The judge reviewed the decisions cited by the auditor and agreed with the auditor's conclusion. The use of non-permanent hang tags on products may not constitute use of the brand, but this was not the case in this case, as tests showed that the brand was permanently attached to the products.
There is no prohibition on having more than one mark on an item. For example, affixing a decal to another manufacturer's used cars (and presumably still bearing the manufacturer's trademark) constitutes use of the mark in relation to those products. This is consistent with the fundamental purpose of trademarks, to differentiate a person's products in the marketplace and to protect consumers by informing them of what they are buying and from whom.
Manufacturing is no less a service than the distribution or sale of goods. A sign bearing a trademark at a manufacturer's factory may be evidence of use of the trademark with the manufacturing service. Just as a brand sign in a retail store can be evidence of the use of that brand with the retail service.
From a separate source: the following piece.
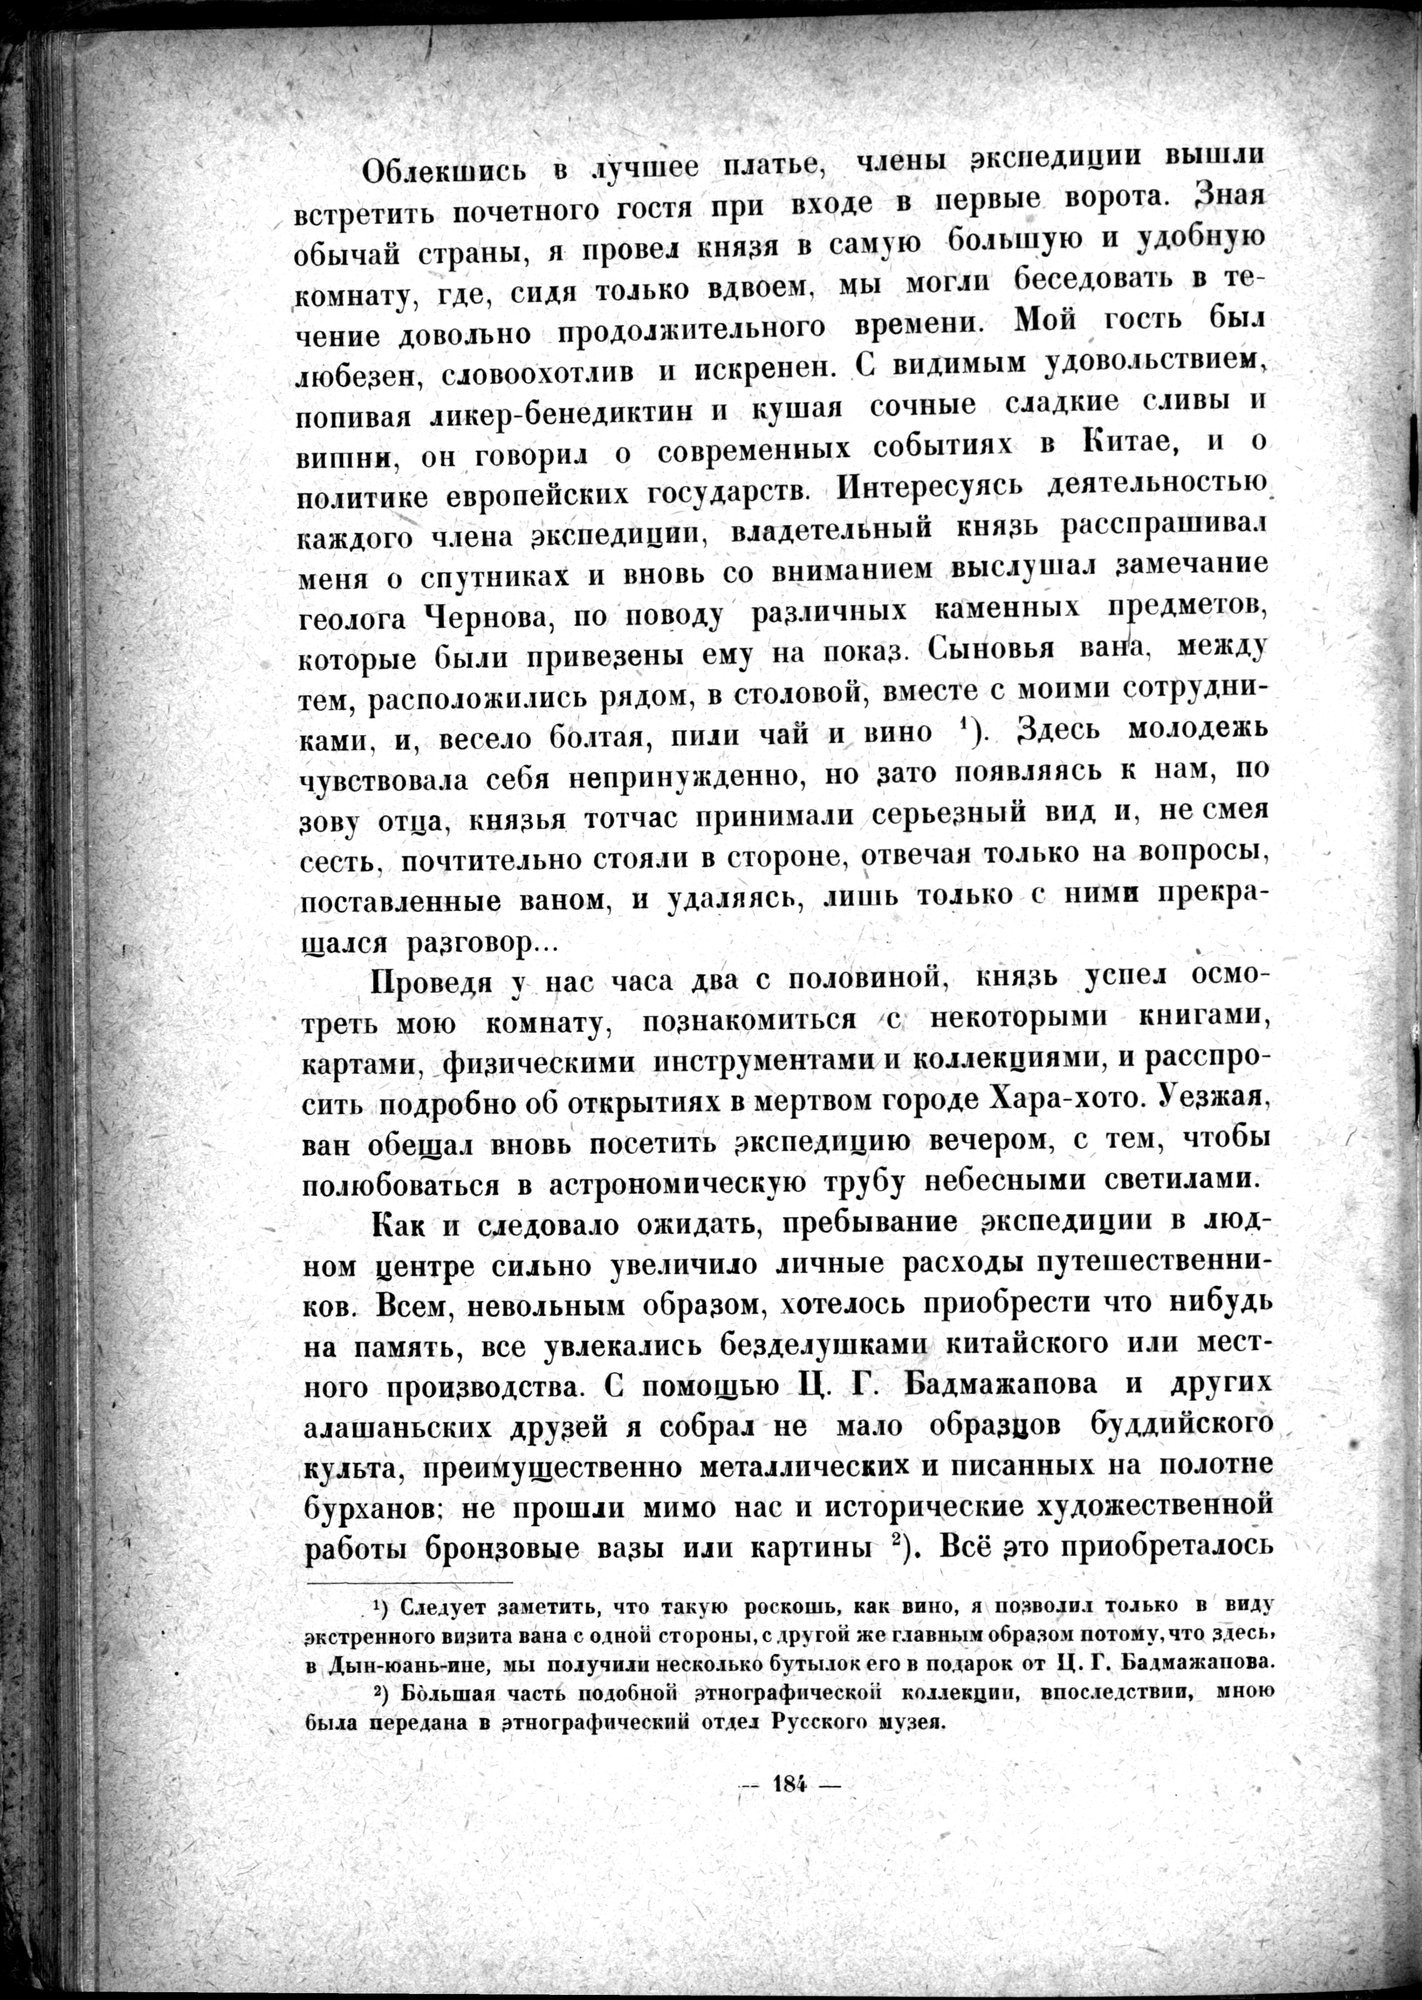 Mongoliya i Amdo i mertby gorod Khara-Khoto : vol.1 / Page 218 (Grayscale High Resolution Image)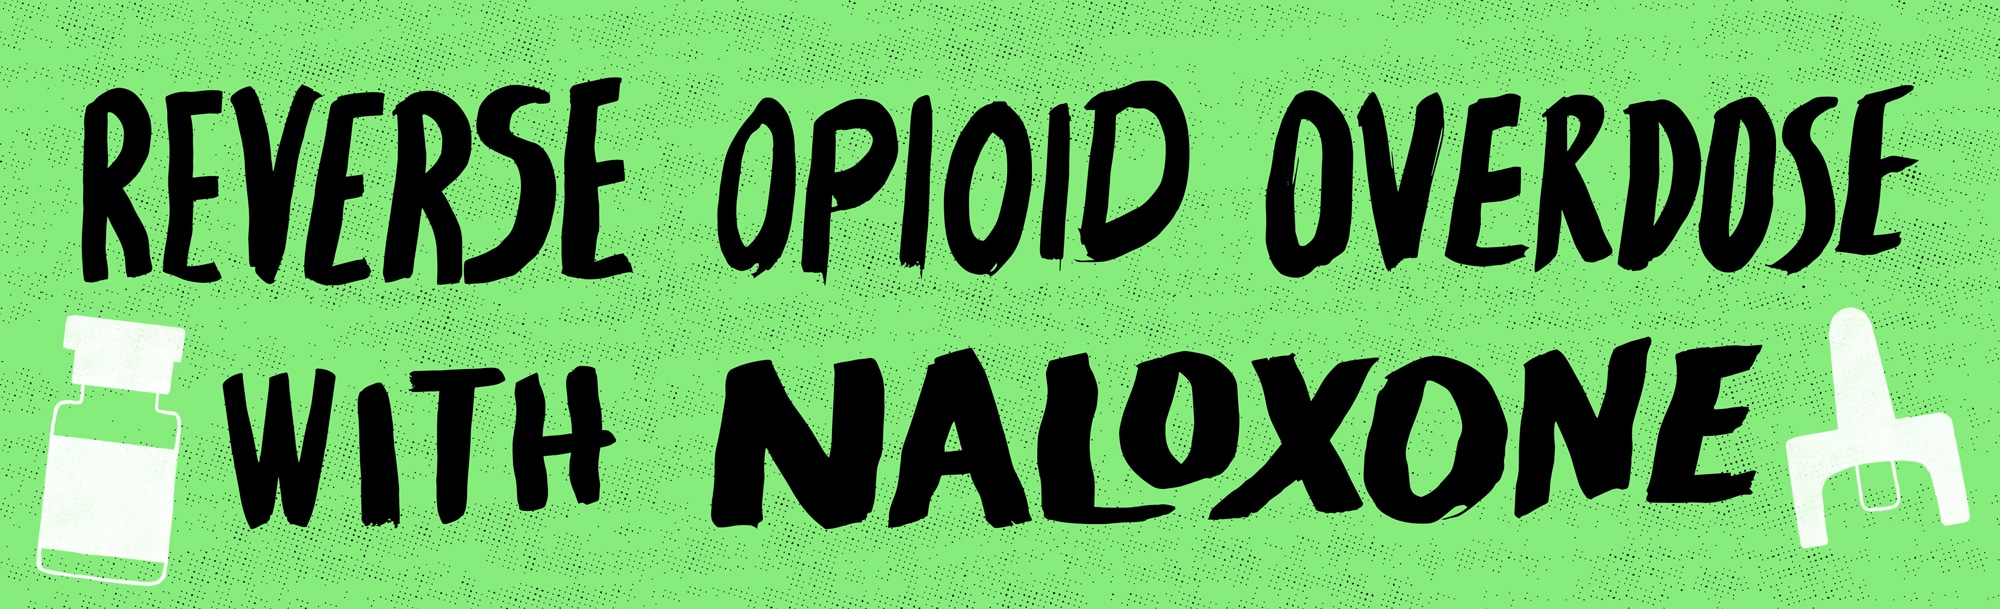 Reverse opioid overdose with Naloxone

However, if the manufacturer or seller places its trademark on the goods manufactured or sold, this is evidence of the use of that mark in relation to the goods.
The judge concluded that the auditor was correct and the appeal was dismissed.
The claimant's claim
The Complainant argued that the Auditor had wrongly relied on archived Wayback Machine web pages and that the Adversary had fulfilled its burden of proof.
The judge referred to previous Appeals Chamber rulings which concluded that the absence of a plaintiff's mark on a website at the time of first claimed use, as evidenced by archived versions of the Wayback Machine, was sufficient to shift the burden of liability of an opponent. proof of compliance, especially if the products or services are offered online. In addition, the Internet Wayback Machine's filing system has been recognized by the Federal Court of Justice as a reliable source of evidence about the state of websites in the past.
Since the services provided by the applicant were services expected to be provided online, the Auditor was not wrong to rely on WaybackMachine's archived web pages. It is also not wrong to conclude that the opponent has met his initial burden of proof.
Furthermore, the Auditor Counselor did not err in denying the registration of the trademark relating to the services. Plaintiff has failed to provide sufficient evidence that it first used the Mark in connection with the Services on or before May 3, 2007. Nor has the Claimant provided any new or additional evidence on the matter in the Complaint.
comment
In the current version oftrademark lawthere is no need to state the date of first use and there is no ground for objection based on the claim that the applicant has not used the mark with any goods or services listed in the application on the alleged date of first use. However, there are other potential grounds of objection available to an opponent, which require the submission of evidence to prove use of the mark by both parties. The principles discussed above regarding the use of marks and certifications still apply.
A version of this article originally appeared in TheLawyer's Daily, published by LexisNexis Canada Inc.
The content of this article is intended to provide a general guide on the subject. Regarding your specific circumstances, you should seek expert advice.